See the following SecurityFocus article 
(http://www.securityfocus.com/news/5654) and the related SlashDot story 
(http://yro.slashdot.org/yro/03/06/11/1853254.shtml). Some quotes:

--snip--
"The most rapacious consumers of the stolen address space are spammers 
trying to stay a step ahead of anti-spam blacklists. A /16 provides a lot 
of addresses to hide behind, a lot of launch pads for unwanted e-mail, 
squats for hastily-erected spamvertised websites, and attack points from 
which one can scan the Internet for misconfigured proxy servers-- useful 
for laundering even more spam. Some anti-spam investigators believe an 
underground economy exists in which a large block of address space is 
broken down and re-sold in smaller chunks like a boosted Acura in a 
chop-shop. "Money is changing hands," says Kai Schlichting, a veteran 
network engineer who tracks down stolen IP space in his spare time. "I 
wouldn't be surprised if you could sell a /16 for $100,000 in bits and pieces."

" But elsewhere the scam has intensified in recent months, with at least 
seven large allocations found newly-diverted, and countless other cases 
suspected. Last month anti-spam groups and concerned network operators 
formed a private mailing list to investigate the phenomenon outside the 
view of cyberjackers. "There's anything up to 100 of these blocks out there 
on the loose," estimates Richard Cox, an IT forensics guru with Mandarin 
Technology in the U.K. "That's the magnitude that we're dealing with here."

"Network operators were galvanized by a particularly brazen case in April, 
when a trail of spam led to the discovery that no-less than six /16s -- 
nearly 400,000 addresses -- had been misappropriated from Trafalgar House, 
a British construction and shipping conglomerate that's now part of Aker 
Kvaerner, headquartered in Norway. From the U.K., Cox discovered that the 
perpetrators conned the American Registry for Internet Numbers (ARIN) into 
changing the contact information for the space. One of the /16s was traced 
to a Dutch spammer, and the other five to a mysterious company called 
"Fedfinancial Corp."
	Fedfinancial managed to convince ARIN that it had been contracted to 
provide network management services for Trafalgar. ARIN won't say exactly 
how it was swindled, but registration records show the grifters had an 
authentic-looking e-mail address at a newly-minted "traf-infosystems.net" 
domain, and a genuine street address with matching voice and fax telephone 
numbers. But the phone numbers ring to Nevada and Offshore Business 
Formation, a company that sets up corporations for a fee, and takes orders 
over the Web.

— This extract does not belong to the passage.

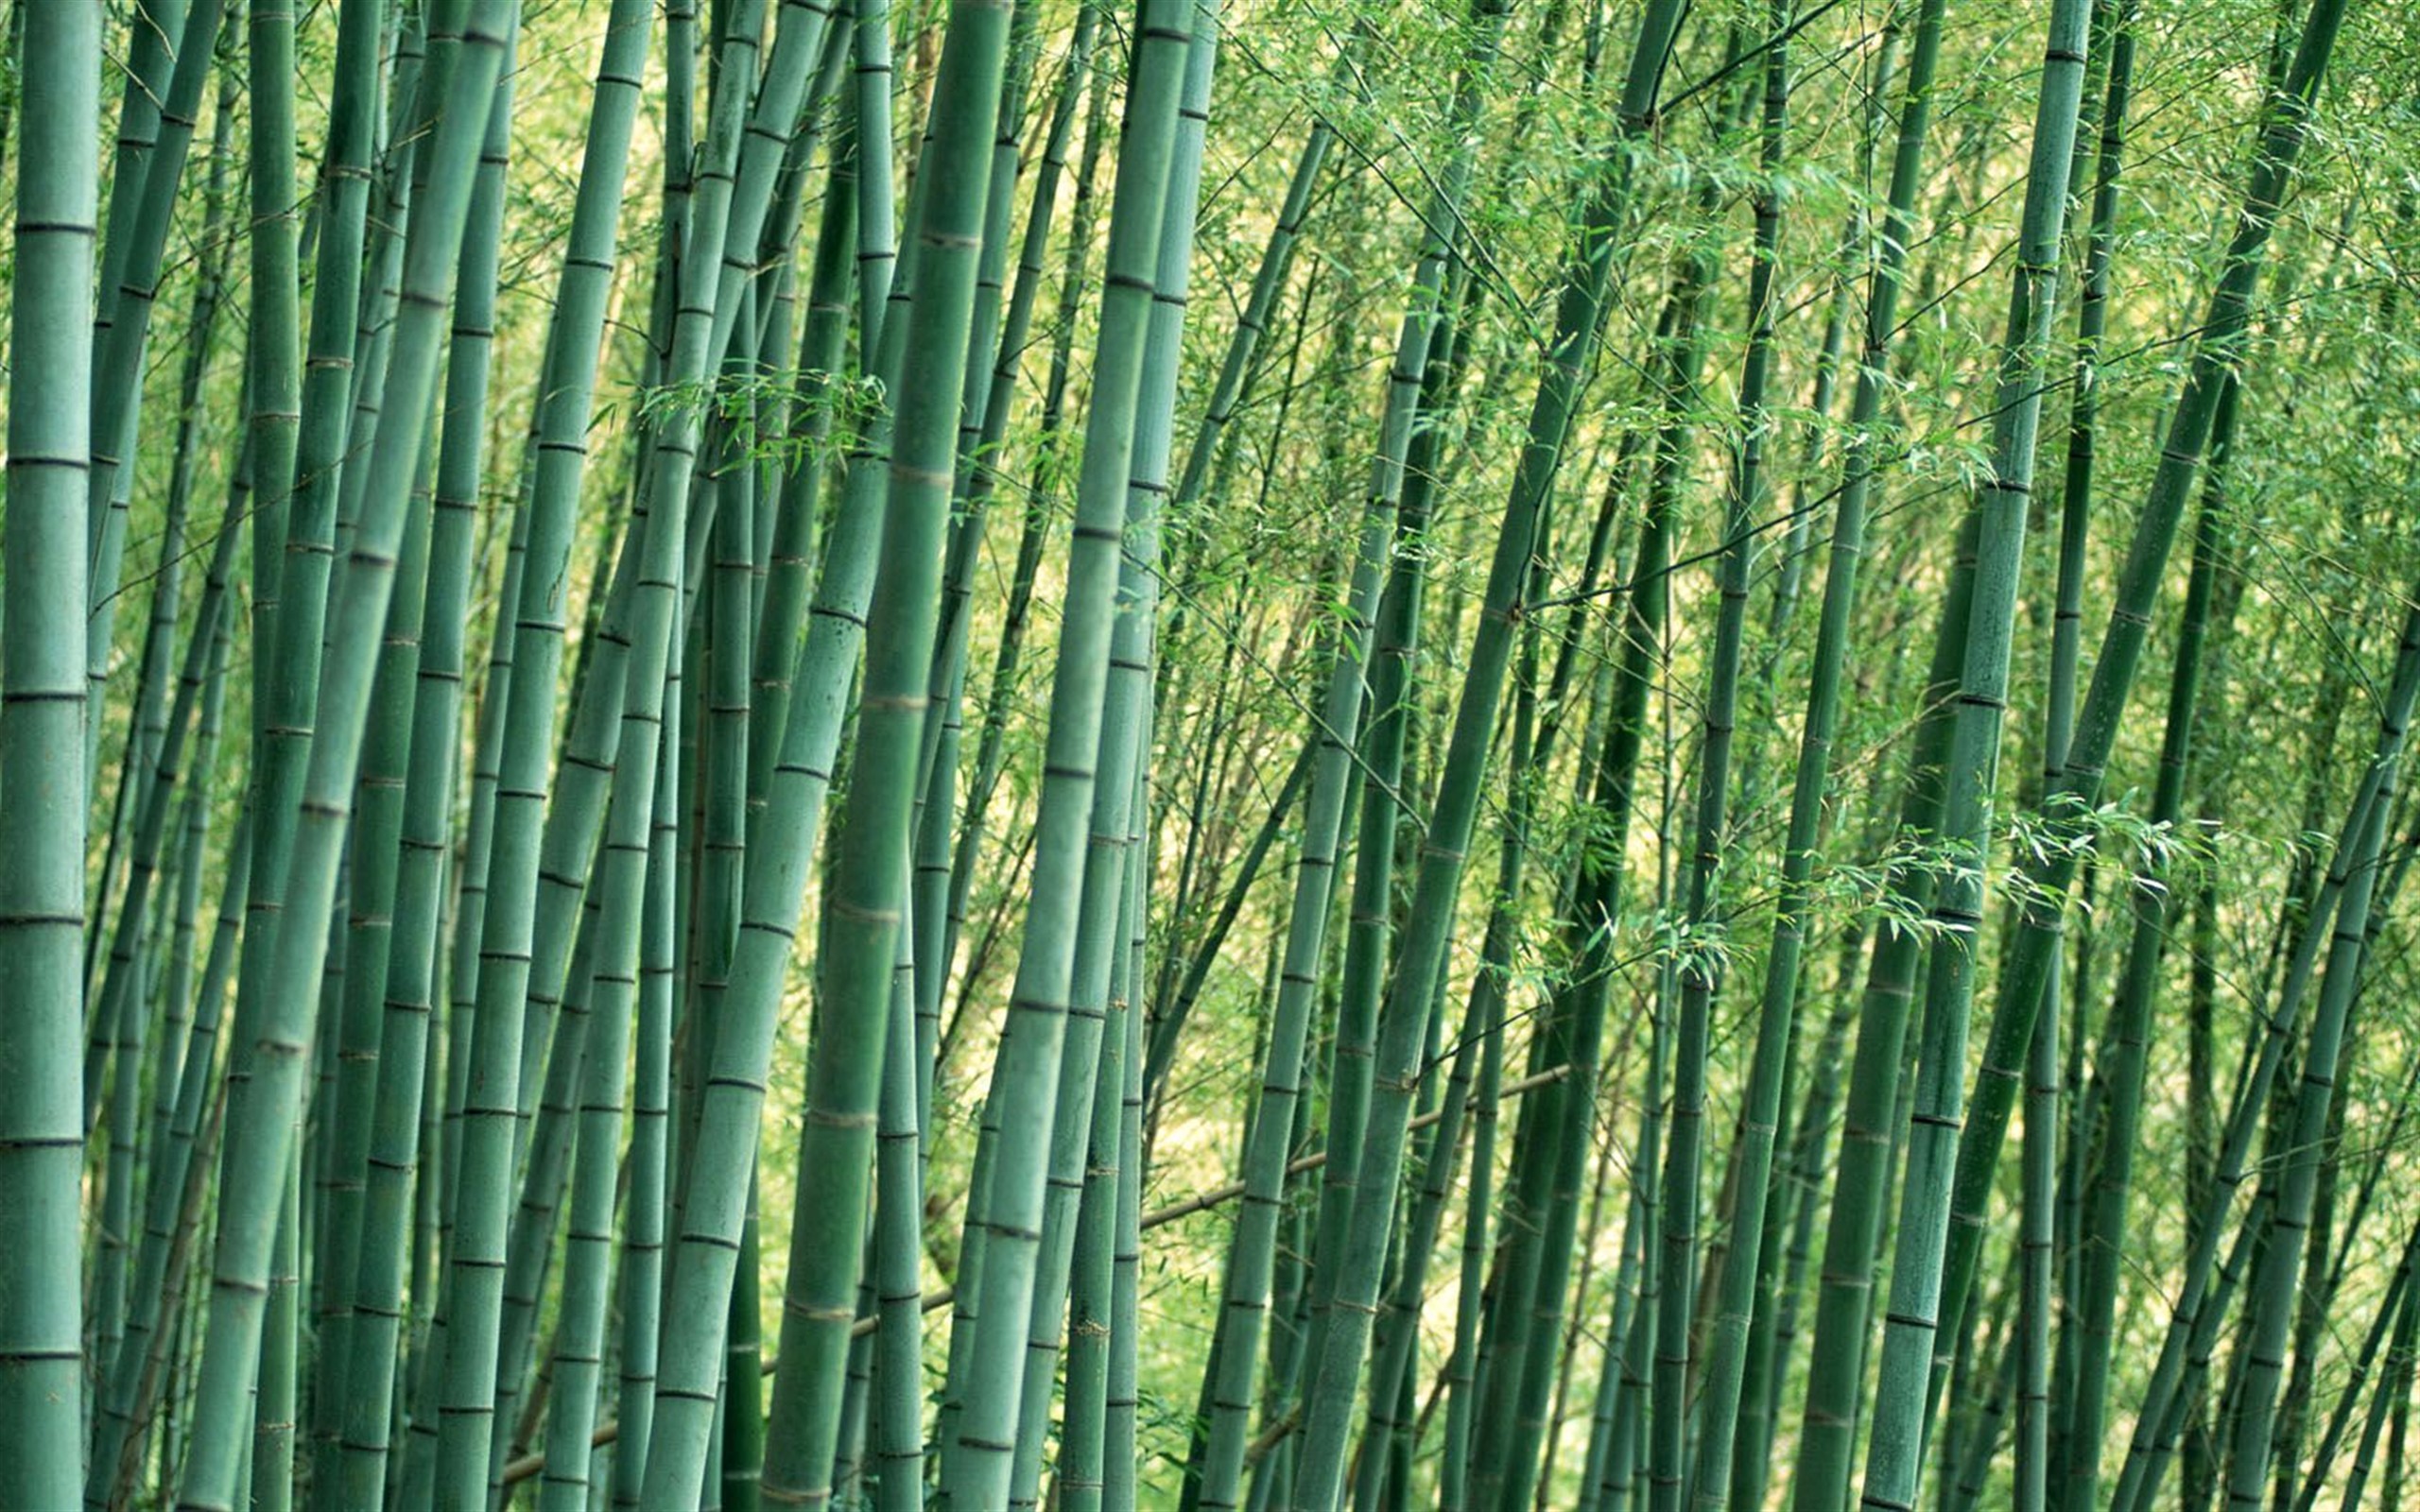 Bamboo Clothing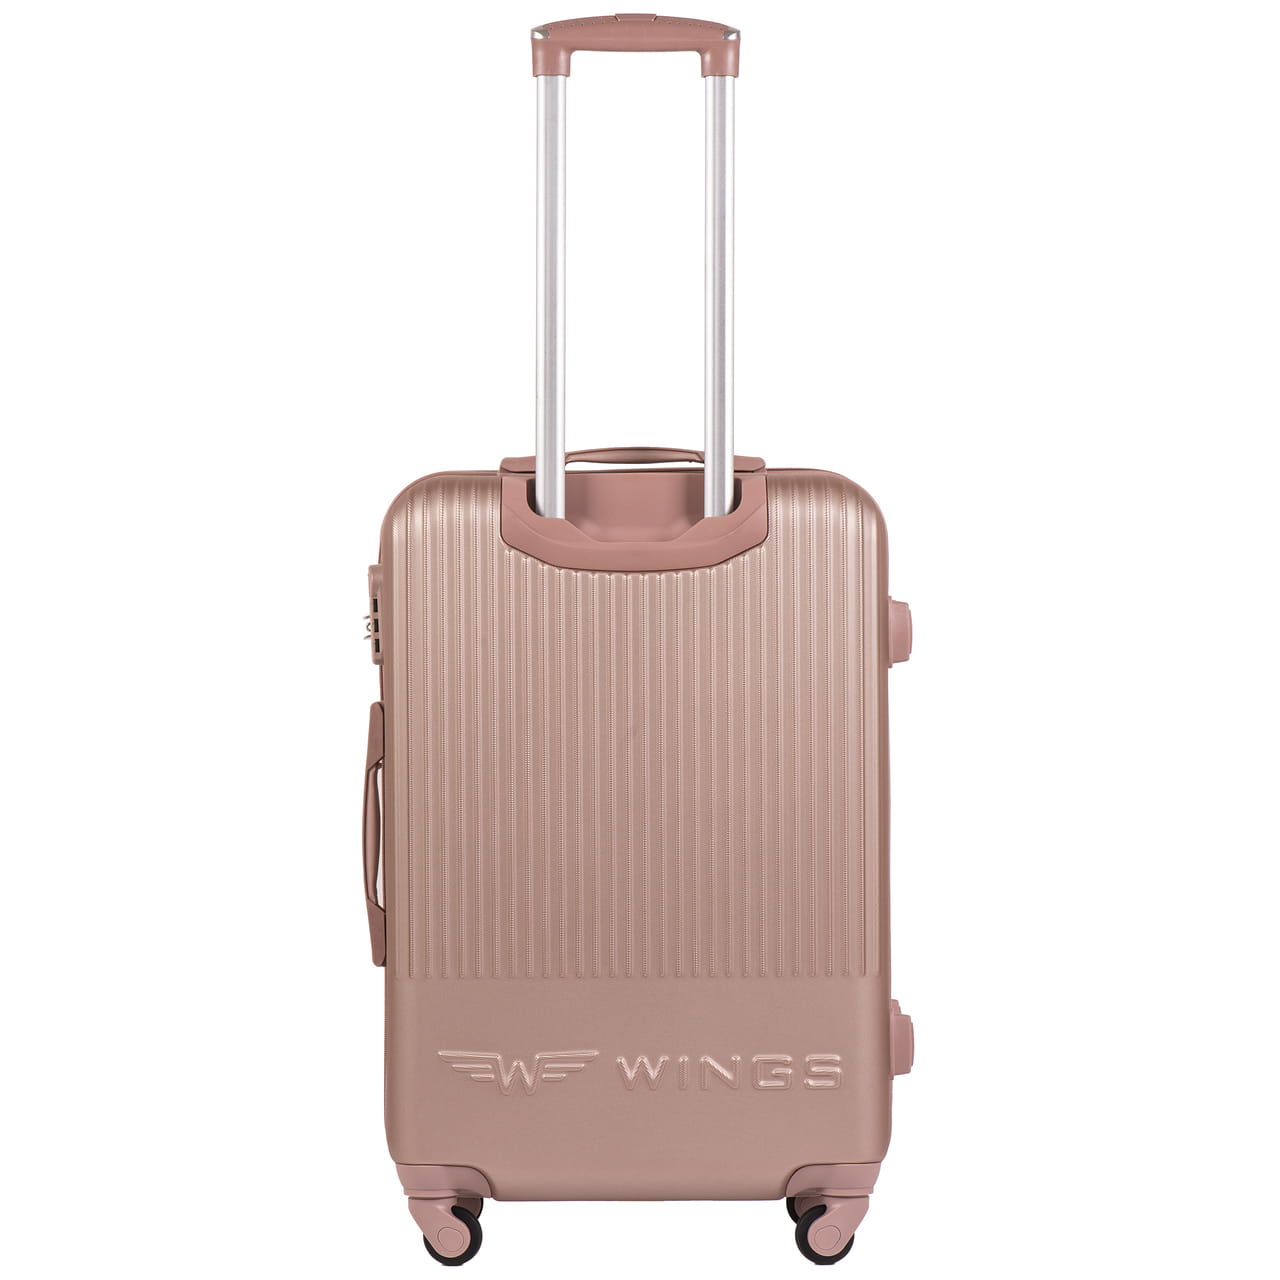 SWL01-rose-gold-keskmine-reisikohver-M-ABS(plastik)-63l-kohvrimaailm-tagant

Public records show that they incorporated Fedfinancial as a 
Nevada corporation last January, on behalf of an unnamed client. The street 
address is also theirs. "

"But like the mob moving in on a neighborhood poker game, spammers have 
turned a once-harmless misdemeanor into an organized and well-funded 
scheme. Internet defenders shudder at the thought of large portions of the 
net's real-estate under the control of anonymous rogue entities. "There's 
no accountability. You don't know who really owns this particular address 
space. You have no way of finding out," says Schlichting." Some even worry 
that malefactors will go a step further, and begin hijacking address space 
that's already in active use. "This whole episode has identified huge 
weaknesses in the Internet's own infrastructure," says Cox. "What we've 
seen happen is trivial compared to what we've seen possible."